**WHAT THE TASK REQUIRES:** Below is a listing; retype exactly the lines between the one containing "Sensas Aromix Gros Gardons - 500 ml" and the one containing "Coral Bay Petite", inclusive, minus the pictures.

**DATA FOR REVIEW:**
----
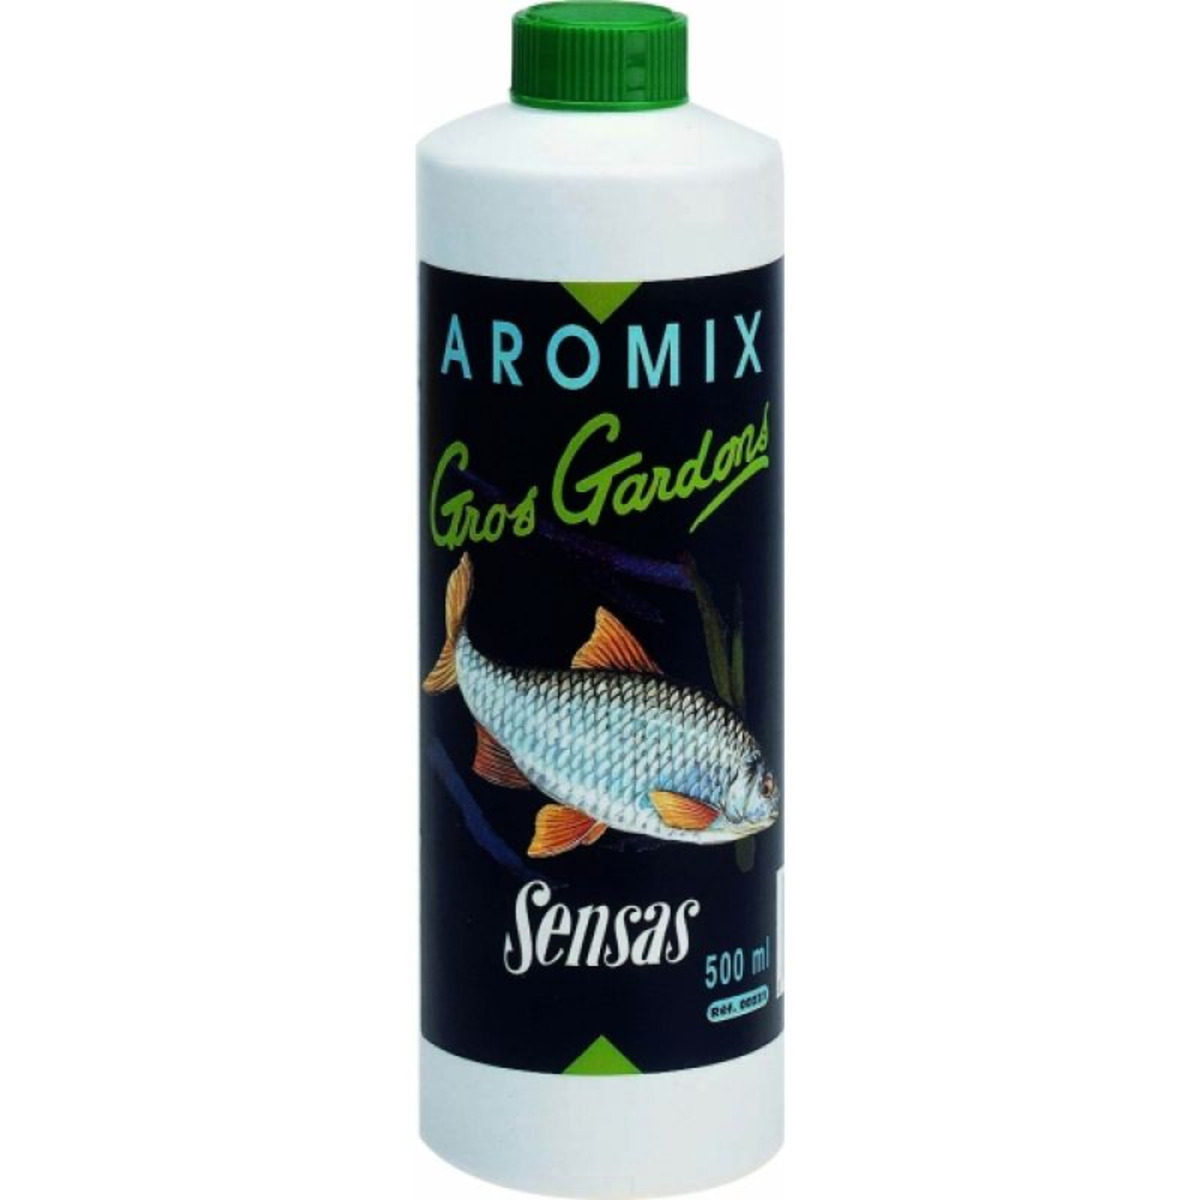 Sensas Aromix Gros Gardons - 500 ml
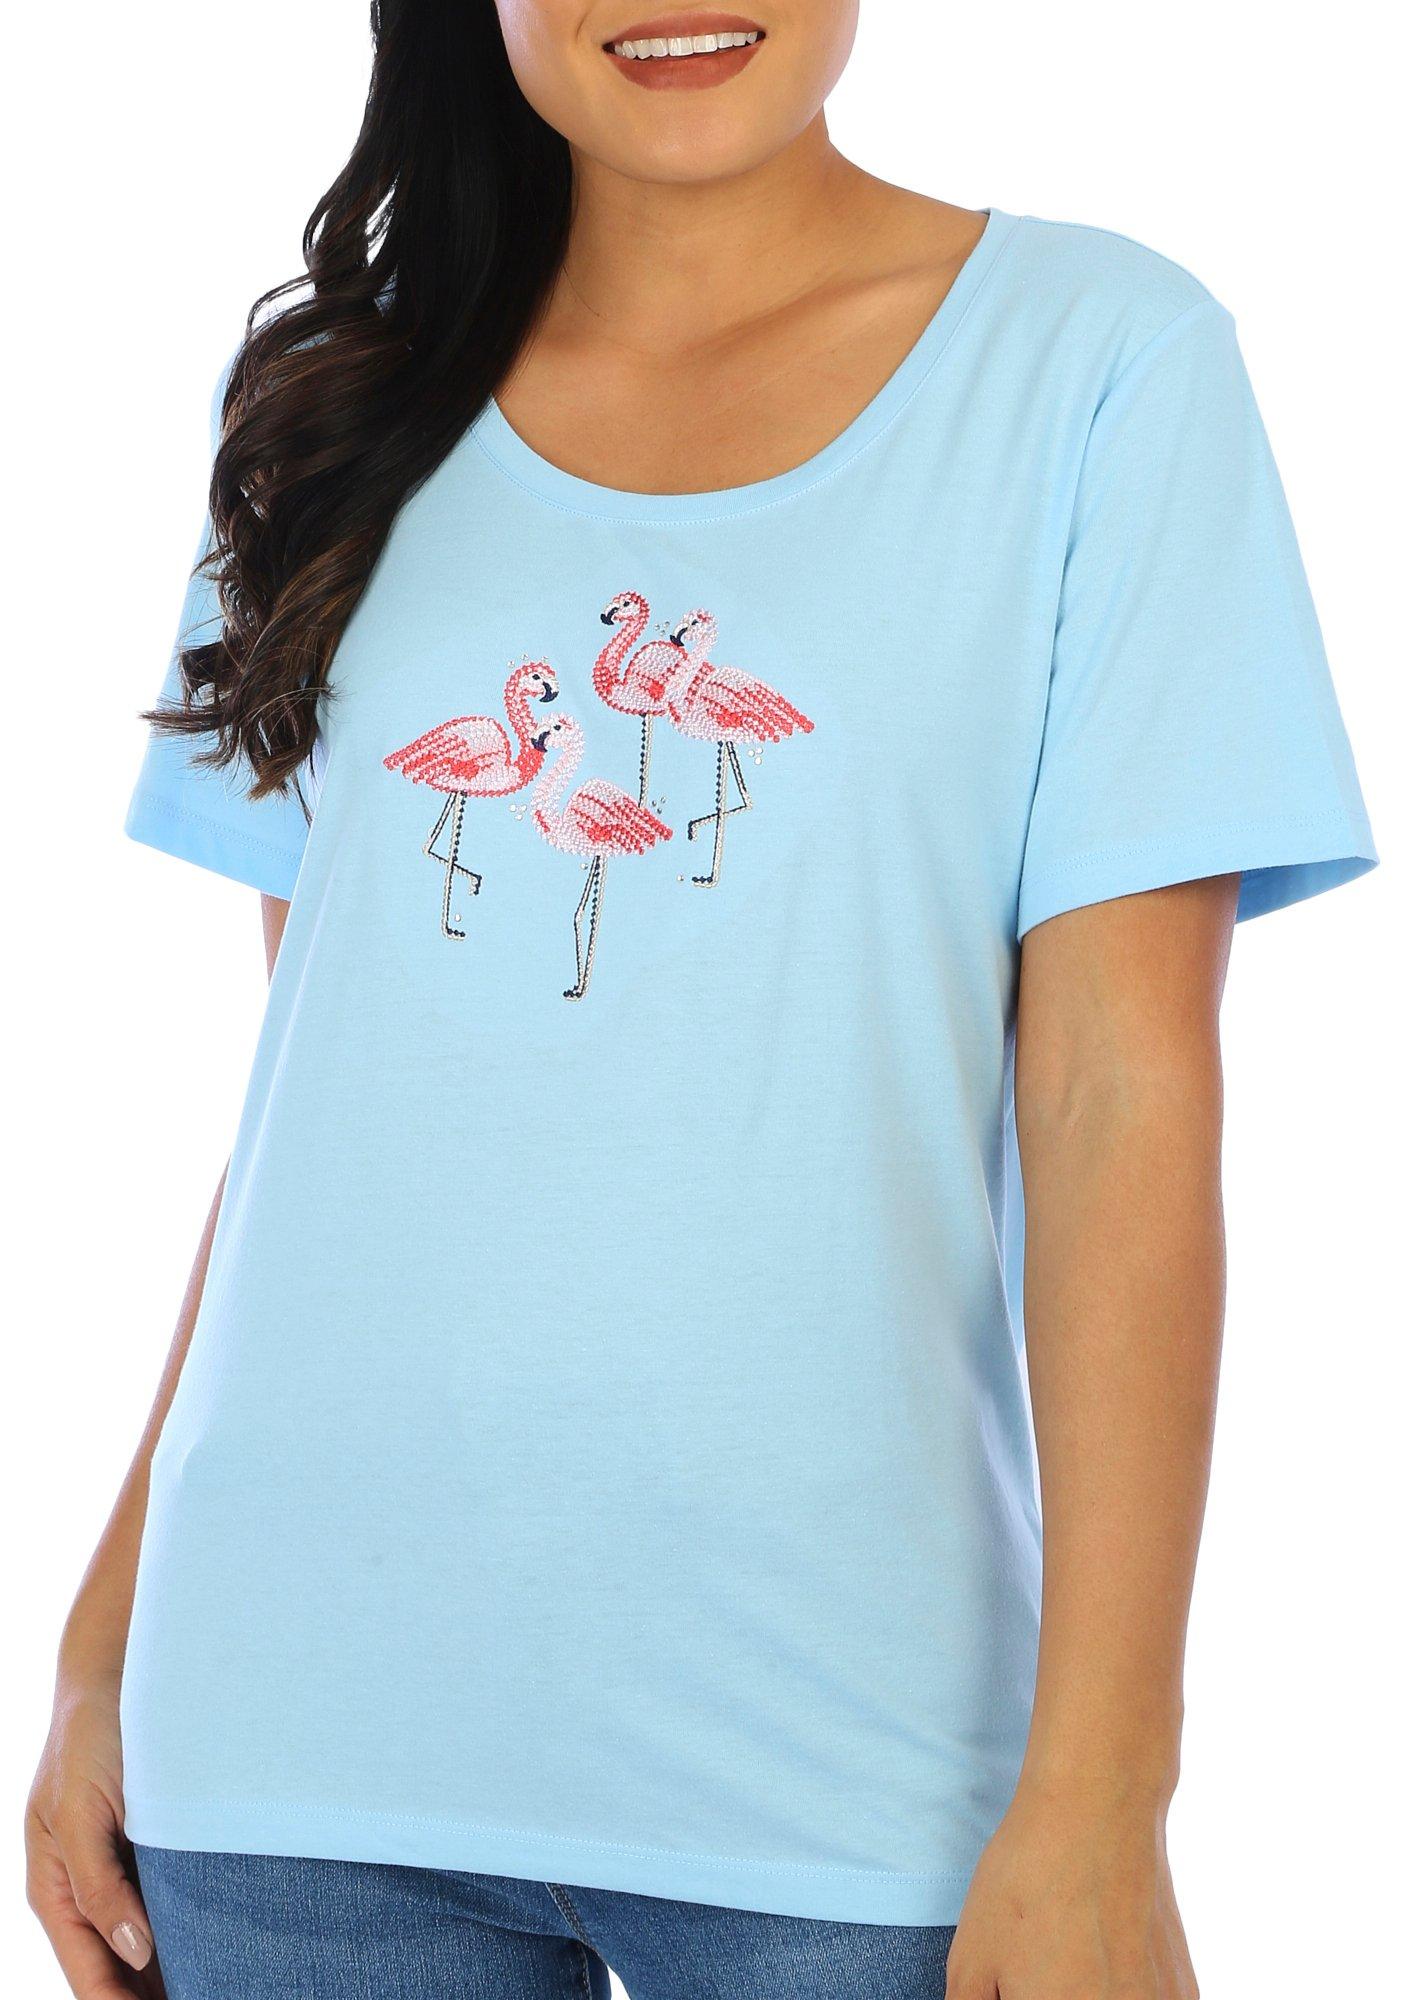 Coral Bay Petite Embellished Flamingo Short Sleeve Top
----
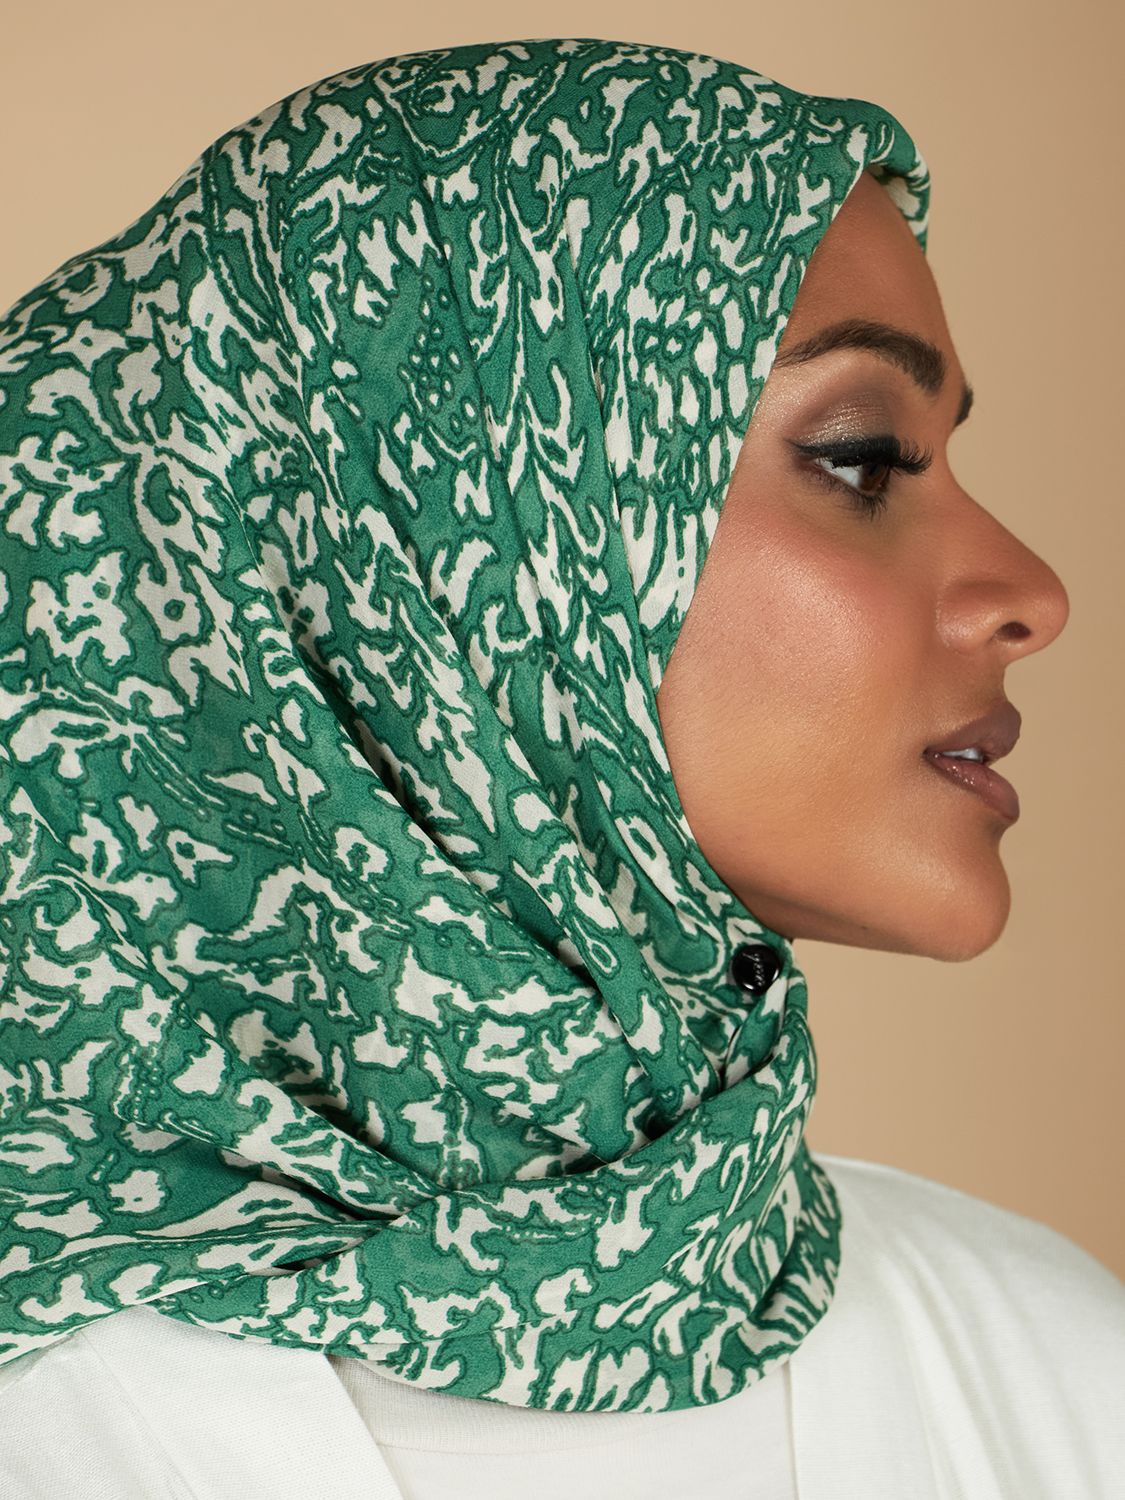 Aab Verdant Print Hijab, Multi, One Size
----
**EXERCISE RESPONSE:**
 Sensas Aromix Gros Gardons - 500 ml
 Coral Bay Petite Embellished Flamingo Short Sleeve Top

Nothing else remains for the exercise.